The production reliability problem
Teams often pick one runtime and expect it to solve everything: retries, approvals, policy, observability, and rollback. That design looks efficient until the first high-impact failure.
Durable execution and governance are separate concerns. One keeps workflows alive. The other decides whether actions are permitted. Production agents need both concerns represented explicitly.
Common failure mode
Retry logic is centralized, but policy checks are scattered. During incidents, operators cannot explain why an action executed.
What top sources cover vs miss
| Source | Strong coverage | Missing piece |
|---|---|---|
| Temporal Durable Execution Technical Guide | Excellent breakdown of consistency problems, retries, compensation, and long-running workflow behavior in distributed systems. | No native policy decision layer for pre-execution ALLOW or DENY decisions on AI agent actions. |
| LangGraph Durable Execution Docs | Strong details on checkpointers, durability modes, task boundaries, and resume behavior after exceptions. | No cross-system governance model for approvals and immutable policy snapshot binding before side effects. |
| LangChain Frameworks, Runtimes, and Harnesses | Clear categorization of frameworks vs runtimes and explicit mention of Temporal as a runtime option. | Does not provide actionable reliability and governance integration guidance for regulated production environments. |
Mental model
Execution reliability engine. Focuses on completion guarantees, retries, and workflow state progression.
Governance control plane.

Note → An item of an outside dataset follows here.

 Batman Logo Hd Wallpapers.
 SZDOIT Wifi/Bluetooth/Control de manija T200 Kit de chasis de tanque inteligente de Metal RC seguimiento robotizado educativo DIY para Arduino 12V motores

Focuses on pre-execution policy decisions, approvals, and auditable action contracts.
Failure semantics comparison
| Dimension | Temporal | Cordum |
|---|---|---|
| Primary objective | Complete workflows despite failures | Enforce governance before execution |
| Retry model | Activity retries with policy and backoff | Protocol-level result classes (`FAILED_RETRYABLE` vs `FAILED_FATAL`) |
| Approval semantics | Custom signals and workflow logic | First-class `REQUIRE_APPROVAL` state in policy flow |
| Rollback model | Compensations in workflow code | Saga rollback triggered on fatal outcomes |
| Policy location | Application-defined | Safety Kernel decisions at submit and dispatch |
| Best at | Durability and orchestration correctness | Operational guardrails, approvals, and auditability |
How to combine both
A practical pattern is straightforward: Temporal orchestrates workflow lifetime, while Cordum evaluates policy before high-impact steps.
- -Temporal controls retries, timers, and long waits.
- -Cordum returns `ALLOW`, `DENY`, `REQUIRE_APPROVAL`, or `ALLOW_WITH_CONSTRAINTS` before dispatch.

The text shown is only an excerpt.